The doctrine of equitable conversion as recognized in Baker v. Copenbarger, 15 Ill. 104; Rankin v. Rankin, 36 id. 299; Jennings v. Smith, 29 id. 121; Haward v. Peavey, 128 id. 435, and Matter of Corrington, 124 id. 367, cited by counsel on behalf of plaintiff in error, can, manifestly, have no application to this question, for the reason that the conversion directed by the decree of sale was conditional — that is, it merely authorized the power of sale to be exercised for the purposes contemplated by the mortgage—and did not require a sale absolutely, as was required in those cases. The property was to be sold under the decree only in the event that the amount due on the mortgage, and the costs, should not be paid at or before the time of the sale. Payment of those sums at any time before sale completed would satisfy the decree, extinguish the power of - sale, and thus prevent the conversion. And so, necessarily, until after sale, there could be no certainty that there would be a sale, and the interest- of the owner in the land would remain simply burdened with the decree — to be sold if the money should not be paid as provided by the decree, and not to be sold if that money should be thus paid. The decree simply authorized the power of sale to be exercised — it did not compel it to be exercised at all events — and so, in principle, the case is not different than it would have been without decree before the enactment of our present statute requiring such mortgages to be foreclosed.
. Dunn’s purchase and assumption of the mortgage debt placed him in the shoes of Cass. 1 Jones on Mortgages, sec. 740. His title was good as to everybody but the mortgagees. Their interest is merely the right to subject the land to the payment of their debt, and before entry for condition broken, on purchase under sale, pursuant to decree, it is not such an interest in land as may be sold on execution or mortgaged. King v. Cushman, 41 Ill. 31. But Dunn’s title was such an interest. Finley v. Thayer, 42 Ill. 350.

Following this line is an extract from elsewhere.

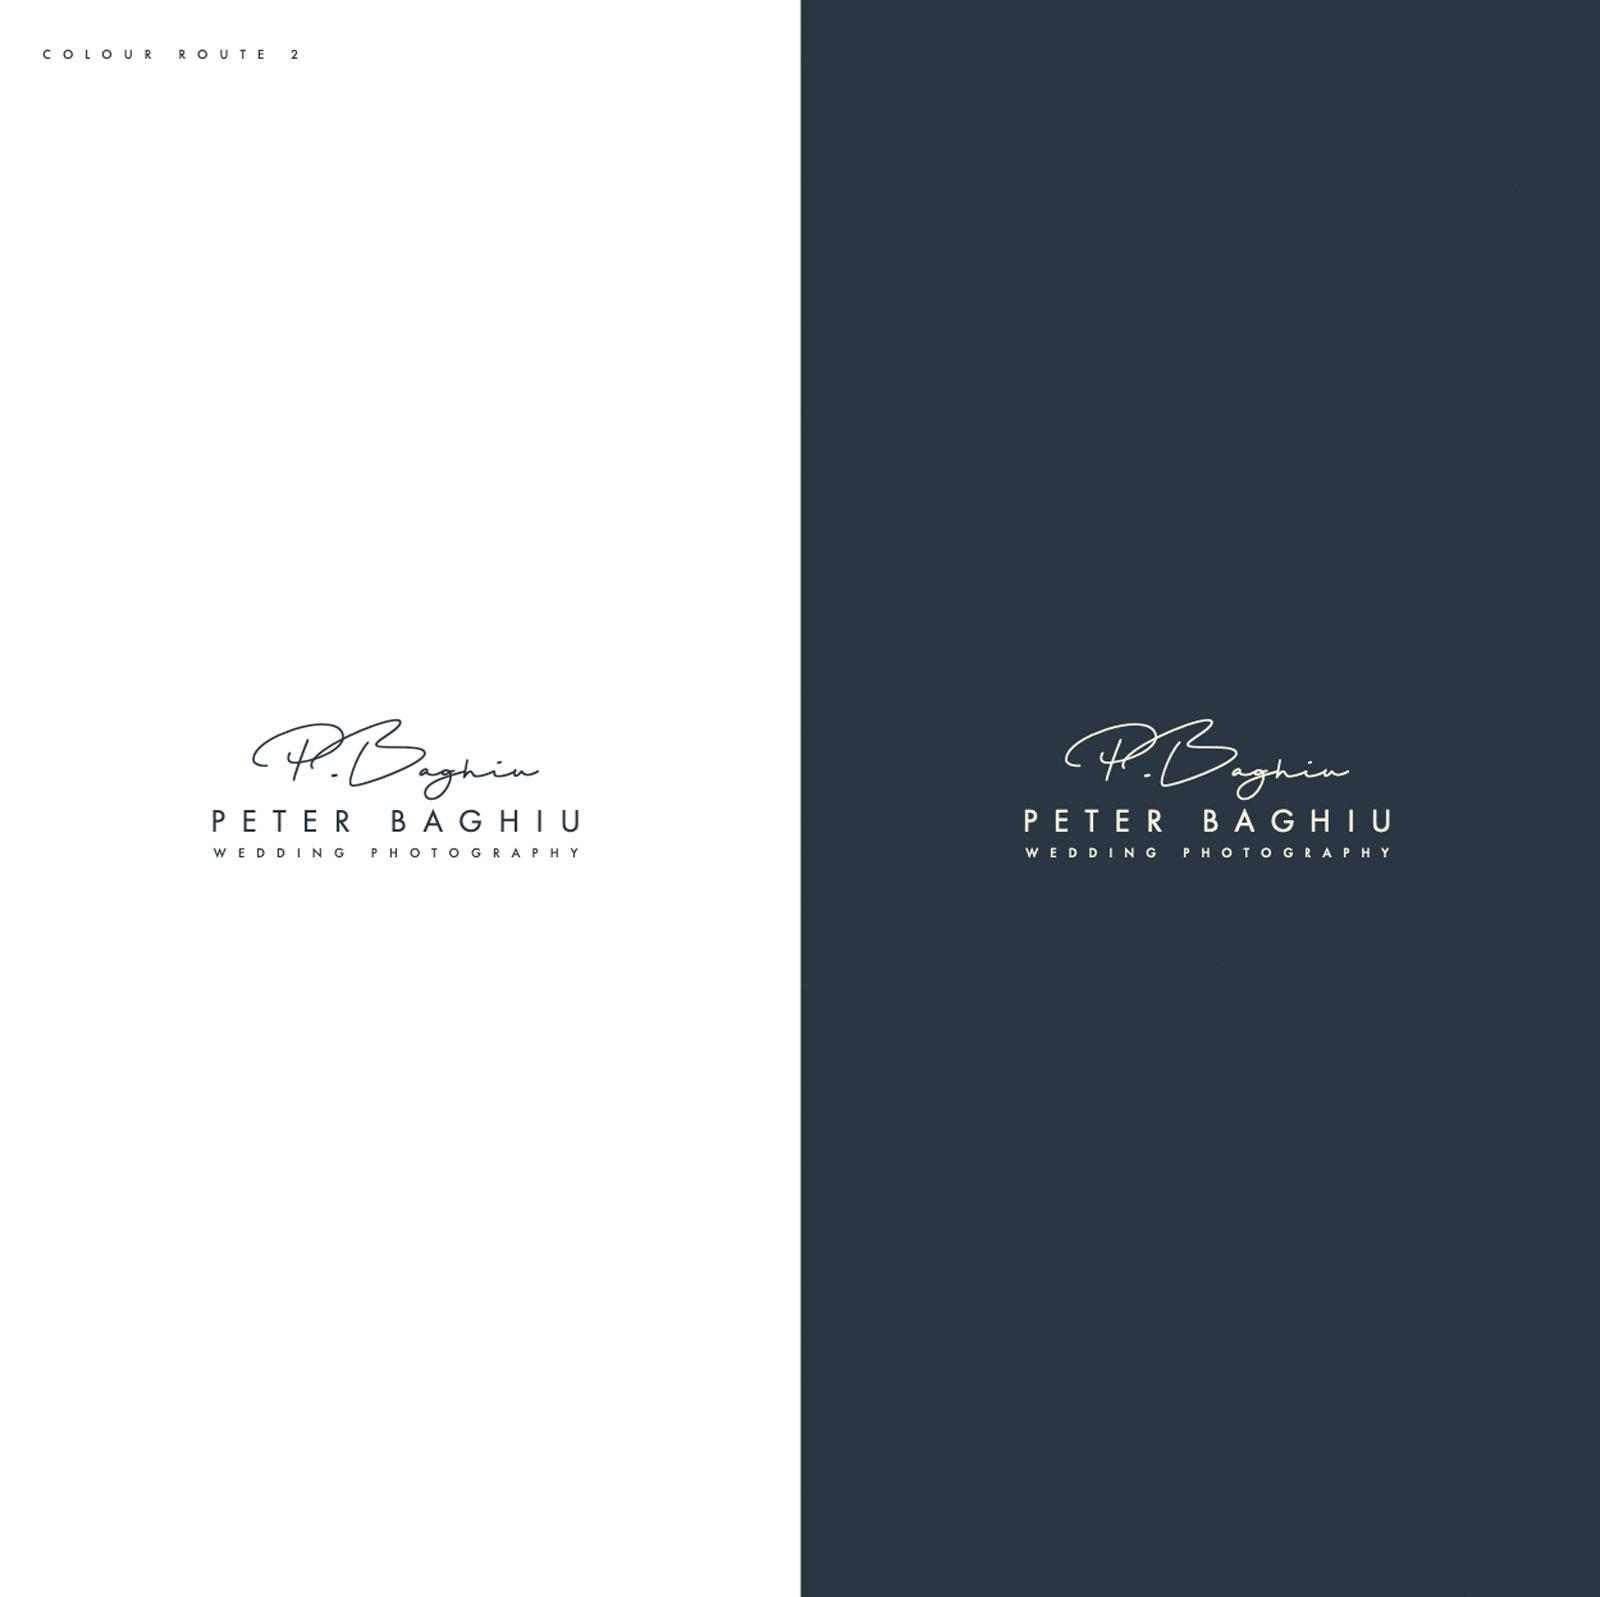 wedding-photographer-logo-design-04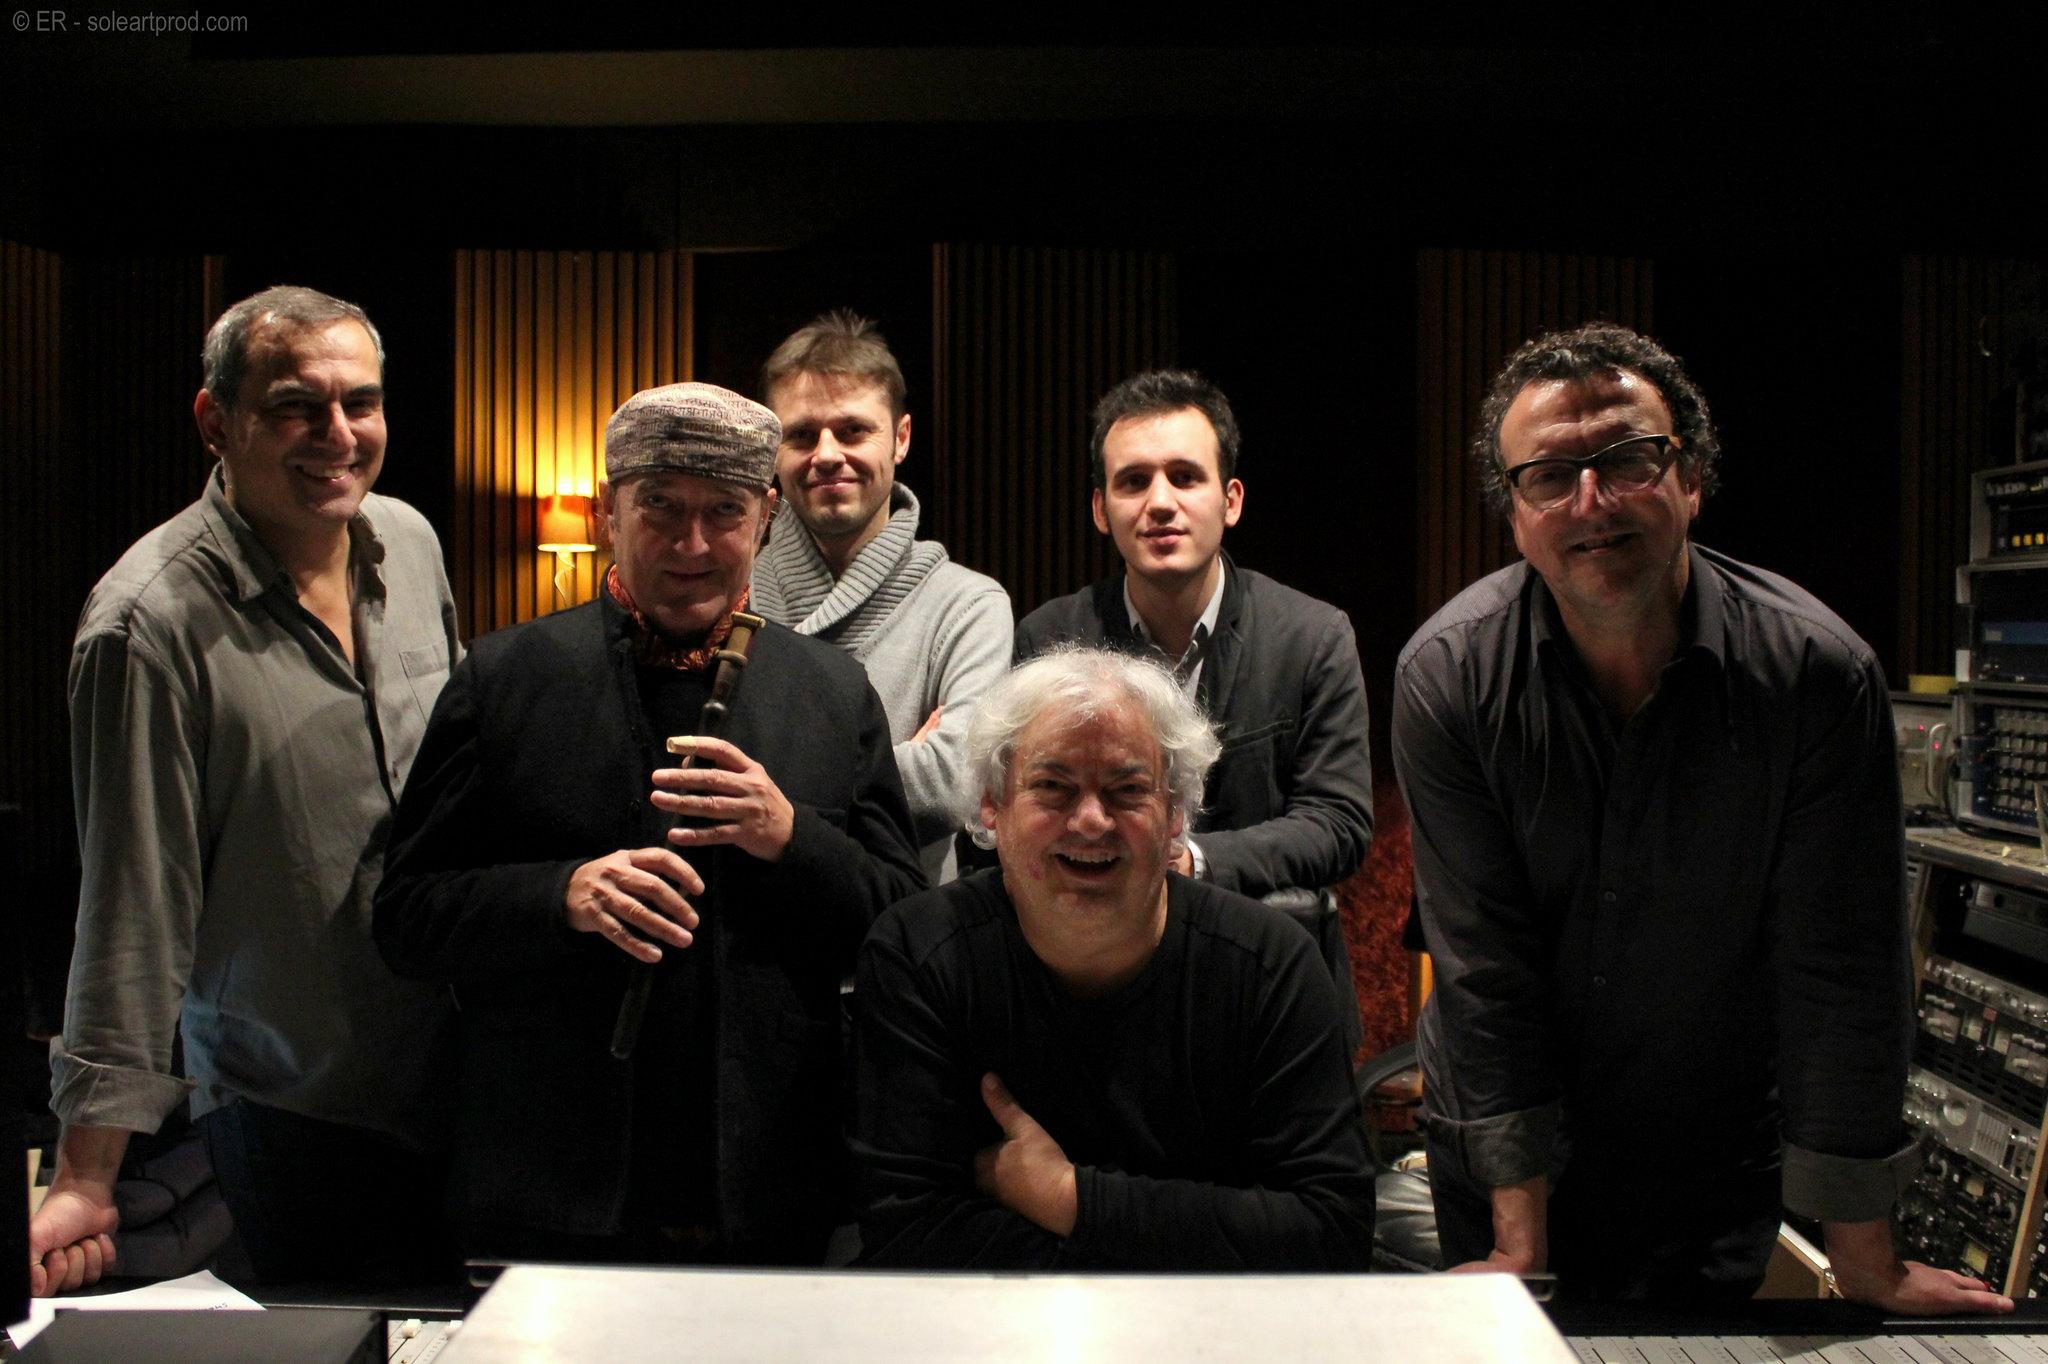 Studio Midi Live, enregistrement de l'album Motian in Motion

And being such an interest, it was the subject of dower under our stature. Sec. 1, chap. 41, R. S., 1874.
Dunn having died before sale made, there was no conversion of the estate, and it must, therefore, have descended as real estate to his widow and heirs in precisely the same condition in which he held it after decree rendered. Suppose that it had been found practicable, at the sale, to have satisfied the mortgage by the sale of a divisible part of the land, and it had been thus satisfied. This, it is clear, would have disencumbered the property not sold ; and it must be equally clear that the property thus disencumbered would have belonged to the widow and heirs under the statute of descents. Ho one but the mortgagee could have objected to such a sale. So, it can, upon like principle, concern no one but the widow and heirs and the mortgagee, whether the mortgagee, or other purchaser at the sale, instead of bidding the amount of the mortgage debt and costs for a part of the property, bids a sum greater than that amount for the whole of the property. The excess must represent and take the place of so much property a§ it is for; and as was the interest in- the original property, so must the interest be in this money — its representative. Pickett v. Buckner, 45 Miss. 236. And this is in accordance with the ruling in Titus v. Neillson, 4 Johns. Ch. 452.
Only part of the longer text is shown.